Analysis of granulysin expression in different subpopulations was done in CD4+ and CD8+ cells separated at day 6 and day 12 and stained for granulysin. In contrast to IL-2 stimulated LAK cells, in L. innocua as well as in L. monocytogenes specific T cells, around 30% CD4+ cells expressed granulysin. Approximately 40% of the CD8+ cells expressed granulysin at day 12 under these conditions (Fig. 6D and 6E). There was a very similar pattern of expression in different subpopulations in the differently primed T cells allowing no conclusion on the preferential presentation in MHC I and MHC II, respectively. As apparent in the graphs there was a higher scattering in the granulysin expression in subsets of cells after antigen specific stimulation compared to LAK cells. This reflects the observation that the T cells of some of the donors were highly responsive to Listeria antigens while others showed only a slight increase in granulysin expression.
High resolution imaging of Listeria- specific T cells after granulysin immunostaining revealed a granular and slightly polarized pattern of granulysin in round shaped cells that are smaller in size compared to LAK cells (Fig. 5B and 5C).
Processing of granulysin in LAK cells and antigen specific T-cells
Pena et al.  showed granulysin to be expressed as 15 kDa and 9 kDa forms in CTL cell lines, late after activation with alloantigen.

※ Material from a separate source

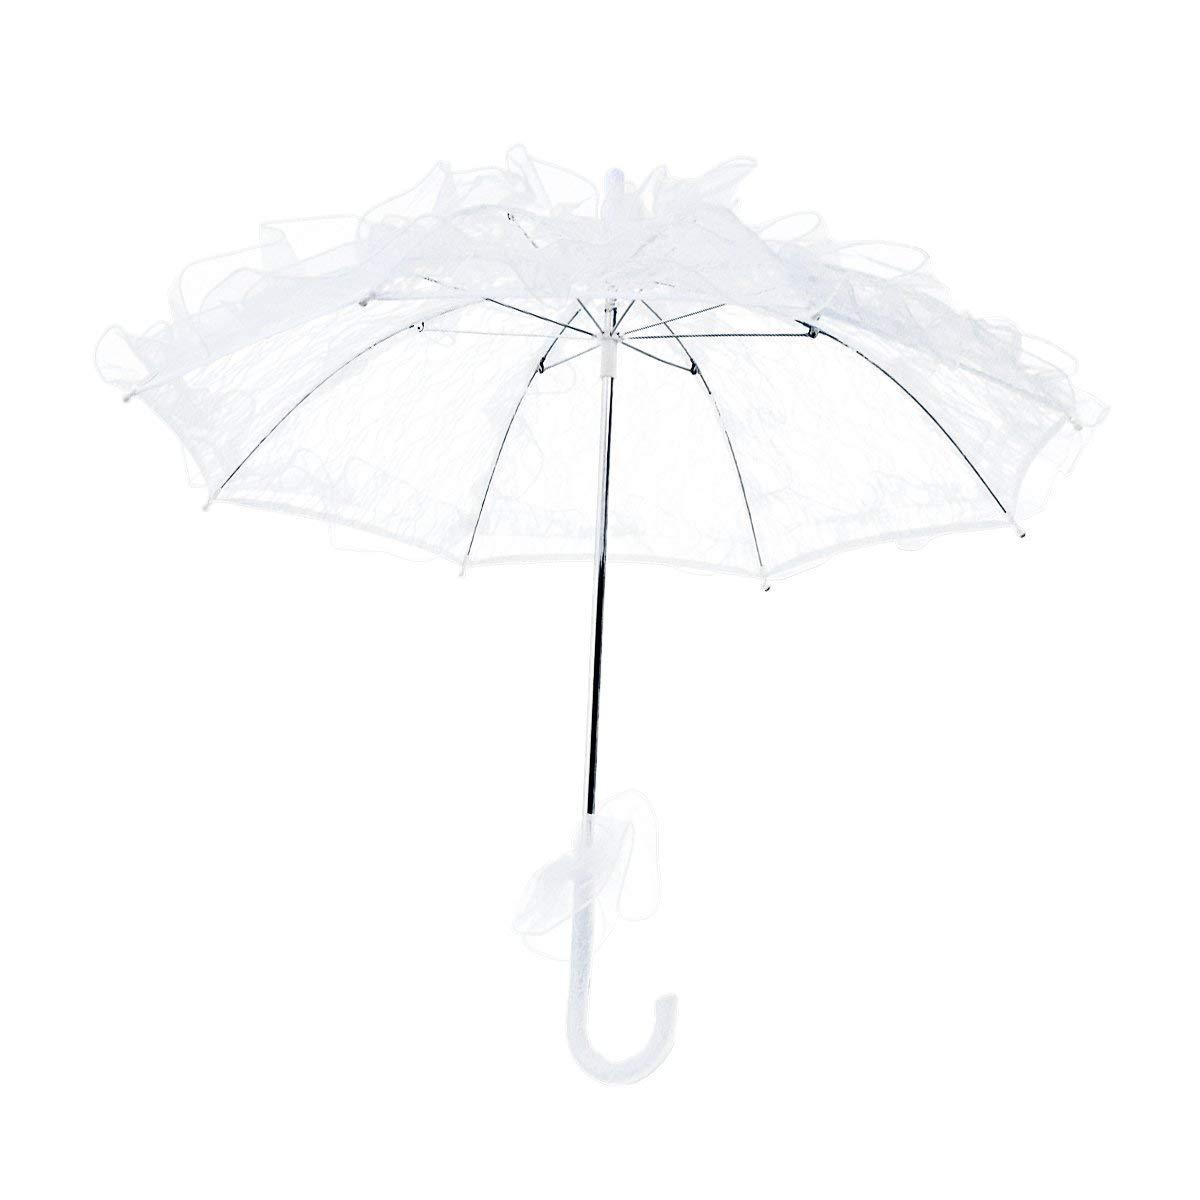 e5728f191ce1 Cheap Wedding Umbrella India, find Wedding Umbrella India deals on ...
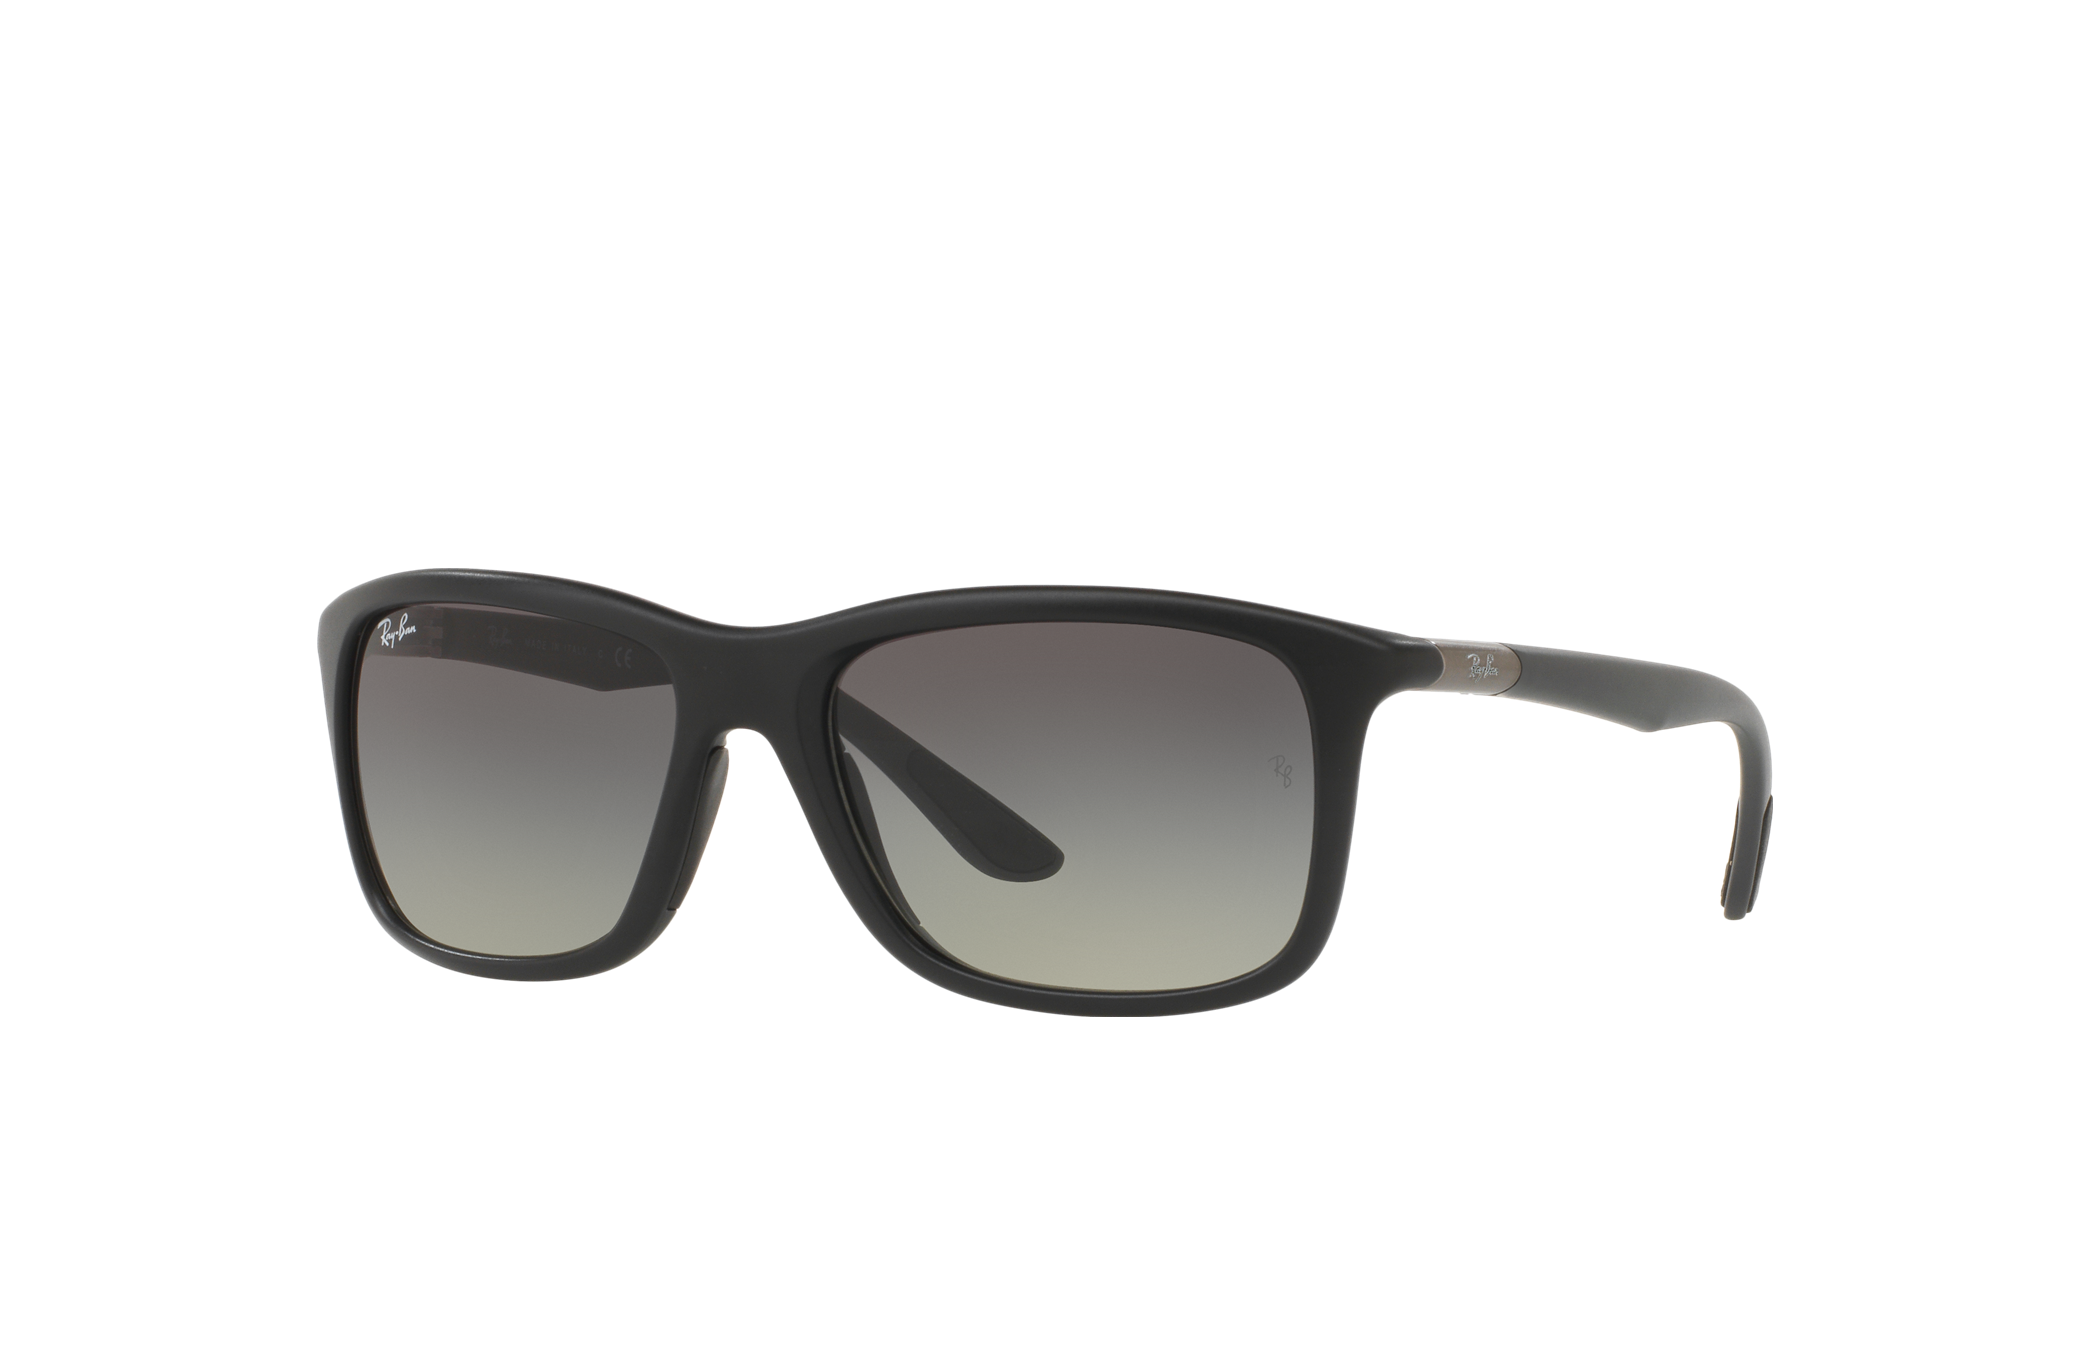 Ray-Ban Rb8352 Grey, Gray Lenses - RB8352

To investigate which protein forms are induced upon IL-2 stimulation, LAK cells were analyzed at indicated time points using Western blot analysis. In unstimulated cells only the 15 kDa protein was detectable. During the IL-2 stimulation the 15 kDa precursor became more prominent while the active 9 kDa form was first visible after 4 days of stimulation. In the second week of stimulation the signal of the 15 kDa protein diminished and a strong 9 kDa band was detected (Fig. 7A). This was compared to the kinetics of protein processing under antigen stimulation. As shown in Figure 7BListeria specific T-cells accumulated the 15 kDa precursor during the whole period of stimulation while the 9 kDa protein was first detected in the second week of stimulation.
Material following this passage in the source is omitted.